LBP operator example

3.3 OpenFace

OpenFace [2] is a Python and Torch implementation of face recognition with deep neural networks [11]. OpenFace is based on the logic flow shown in Fig. 4 to compute low-dimensional representations for the faces in the image. The face detection procedure returns a list of bounding boxes, but there’s the problem that a face could not be looking right into the camera. OpenFace handles this situations by applying a 2D affine transformation, which also crops the face so the image is 96 \(\times \) 96 pixels. This image in then processed by the neural network estimates the normalized probability for each user of our database.

Fig. 4.
figure 4

Face recognition with Neural Networks, as shown in [2]

4 Evaluation

We have conducted four tests in order to evaluate the performances of the approaches mentioned before for face recognition between the photo extracted from the ID Card and a high-resolution photo. We used:

  1. 1.

    ID Card photos and high-resolution photos of 30 subjects (FRs)

  2. 2.

    ORL Database

  3. 3.

    LFW database

In order to create the dataset the first dataset used for performance evaluation, we used a 13 megapixels camera to take high-resolution images of faces and a Brother MFC 1910W to scan the ID Cards. High-resolution face photos have been taken at a distance of 150 cm in a closed environment with white background. We collected data from 30 subjects, whose age goes from 25 up to 45. These data can be arranged in three subsets:

  • Face subset (Fs), which contains high-resolution face images

  • ID Card Face subset (IDCFs), which contains the photos on the scanned ID Cards

  • Face Recognition subset (FRs), which contains the pre-processed images from the Fs and IDCFs.

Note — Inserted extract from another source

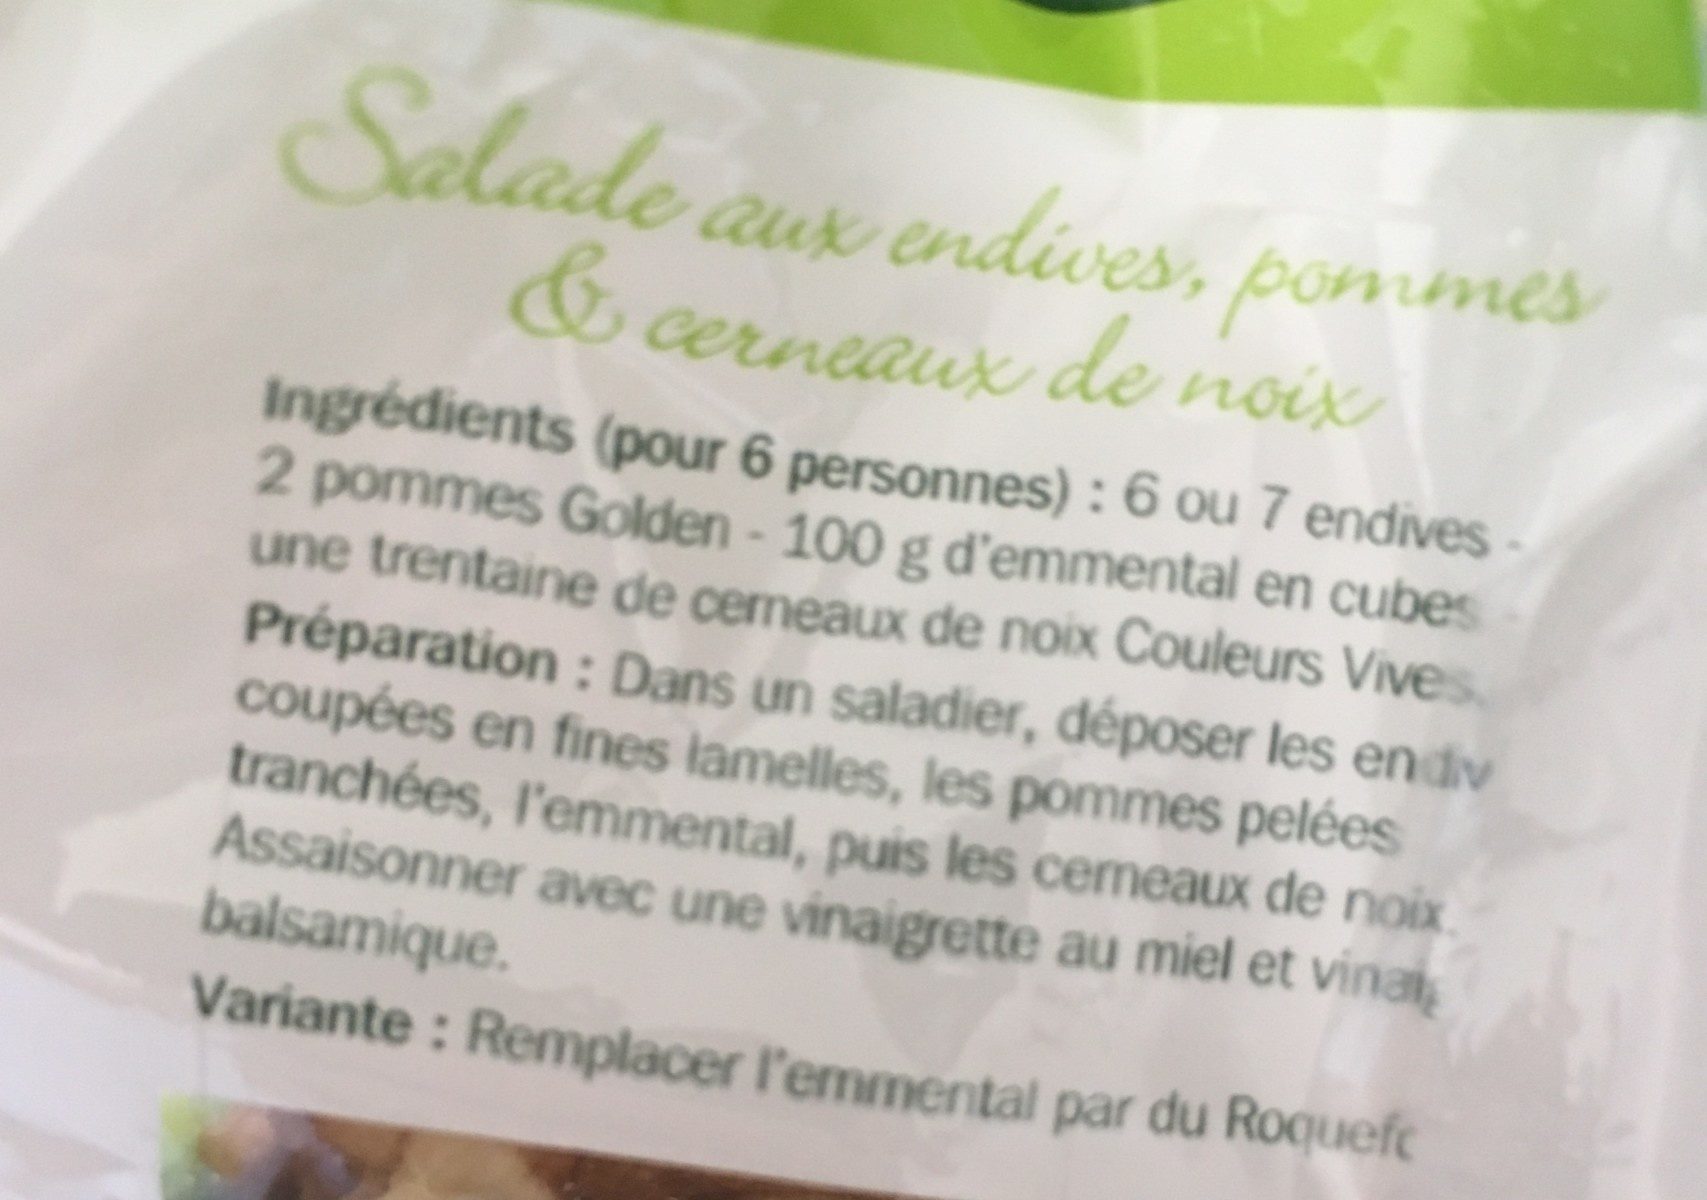 Cerneaux de noix - Ingredients - fr

The ORL [10] dataset of faces, now claimed AT&T “The Database of Faces”, includes ten different images of each of 40 distinct subjects. For some subjects, the images were taken at different times, varying the lighting, facial expressions (open/closed eyes, smiling/not smiling) and facial details (glasses/no glasses). All the images were taken against a dark homogeneous background with the subjects in an upright, frontal position (with tolerance for some side movement).

Labeled Faces in the Wild [6] is a database of face photographs designed for studying the problem of unconstrained face recognition. The data set contains more than 13,000 images of faces collected from the web. Each face has been labeled with the name of the person pictured. 1680 of the people pictured have two or more distinct photos in the data set.

For each test we performed the training of the faces included in the FRs, a substet of identities from ORL and FLW databases. Then the face recognition procedure is executed over the face extracted from an ID Card. For each test we changed the number of identities that composes the training set, setting it to 10,25,50,100. Since we only have 30 identities that are linked to an ID Card, we performed 30 test of identification. We performed tests on a remote machine with an Intel Core i5-3320m CPU and a Nvidia Geforce 920m. Figure 5 show that the OpenFace solution is of course the most accurate.

Fig. 5.
figure 5

Algorithms’ accuracy

5 Conclusions and Future Works

The exponential growth of computer hardware performance is leading to faster matching. A system like WAY uses a video stream which is already being captured in most of the places in which security is important, like airports, banks etc. As future work we could use the proposed system with company badges too and not just with ID Cards, capturing employees entrance end exit times. This kind of application is not affected by aging and light changes, since the training photos of the employees can be updated regularly and the camera is set in the always in the same place.